Journey to the Centre of the Earth (French: Voyage au centre de la Terre), also translated as A Journey to the Interior of the Earth, is a classic 1864 science fiction novel by Jules Verne. The story involves a German professor (Otto Lidenbrock in the original French, Professor Von Hardwigg in the most common English translation) who believes there are volcanic tubes going toward the center of the Earth. He, his nephew Axel, and their guide Hans encounter many adventures, including prehistoric animals and natural hazards, eventually coming to the surface again in southern Italy. The living organisms they meet reflect geological time; just as the rock layers become older and older the deeper they travel, the animals become more and more ancient the closer the characters approach the center.
From a scientific point of view, this story has not aged quite as well as other Verne stories, since most of his ideas about what the interior of the Earth contains have since been proven wrong.

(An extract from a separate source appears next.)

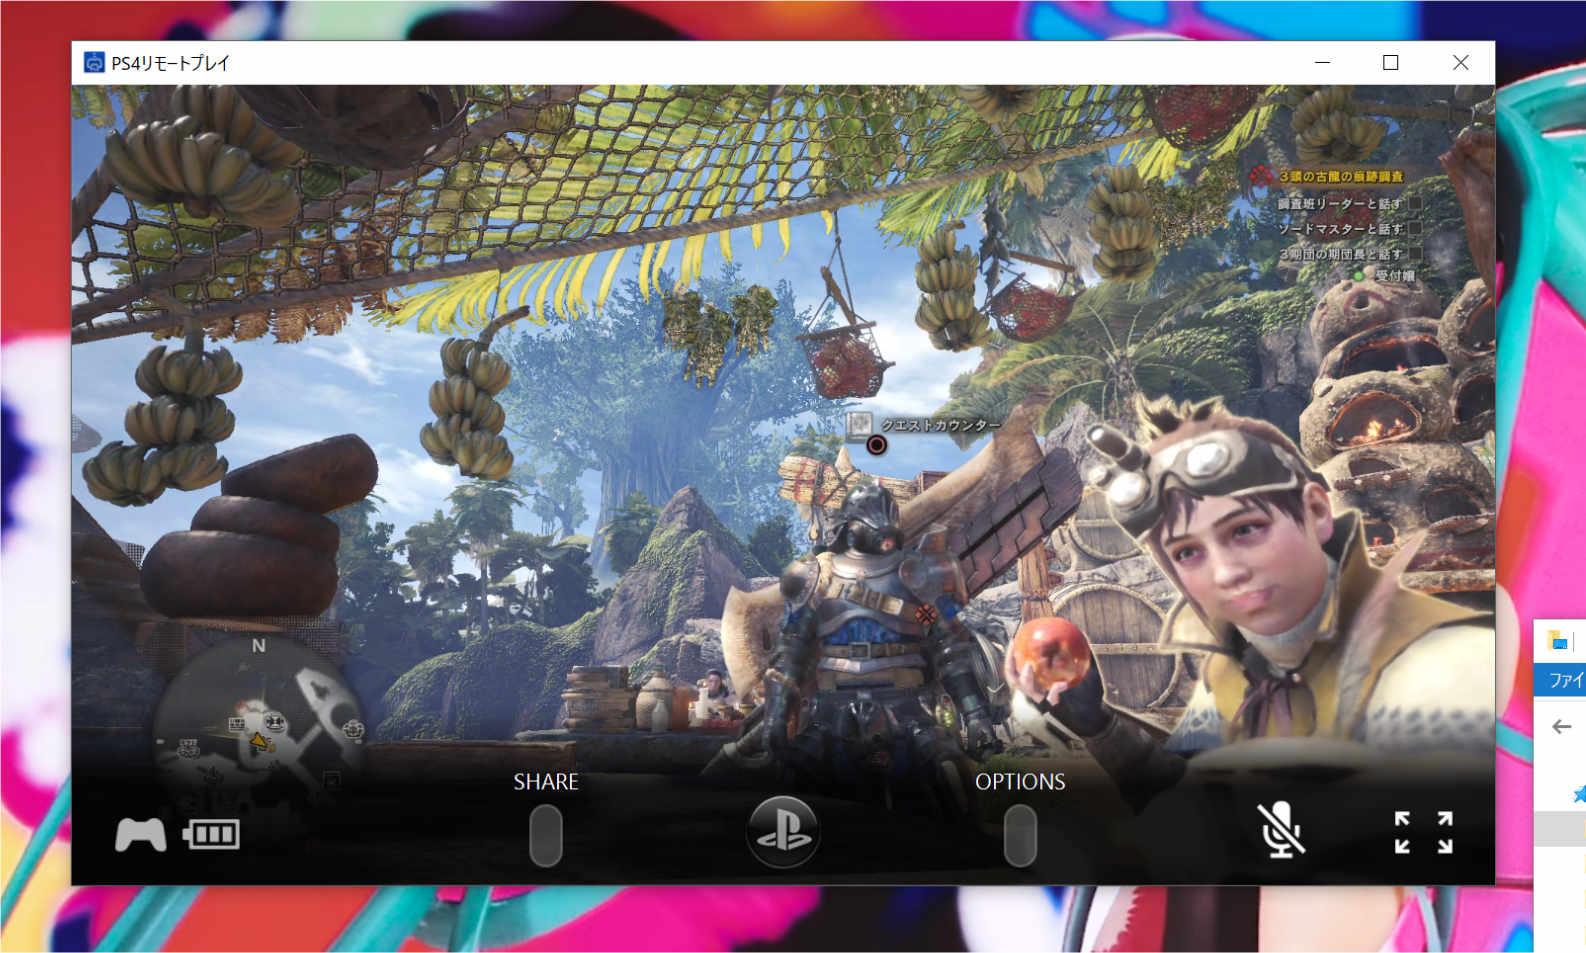 PlayStation4 Proのリモートプレイは最高1080pの解像度【PS4/Windows10/インプレ】

However, a redeeming point to the story is Vernes own belief, told within the novel from the viewpoint of a character, that the inside of the Earth does indeed differ from that which the characters encounter. One of Vernes main ideas with his stories was also to educate the readers, and by placing the different extinct creatures the characters meet in their correct geological era, he is able to show how the world looked a long time ago, stretching from the ice age to the dinosaurs.
The book was inspired by Charles Lyells Geological Evidences of the Antiquity of Man of 1863. By that time geologists had abandoned a literal biblical account of Earths development and it was generally thought that the end of the last glacial period marked the first appearance of humanity, but Lyell drew on new findings to put the origin of human beings much further back in the deep geological past. Lyells book also influenced Louis Figuiers 1867 second edition of La Terre avant le déluge which included dramatic illustrations of savage men and women wearing animal skins and wielding stone axes, in place of the Garden of Eden shown in the 1863 edition.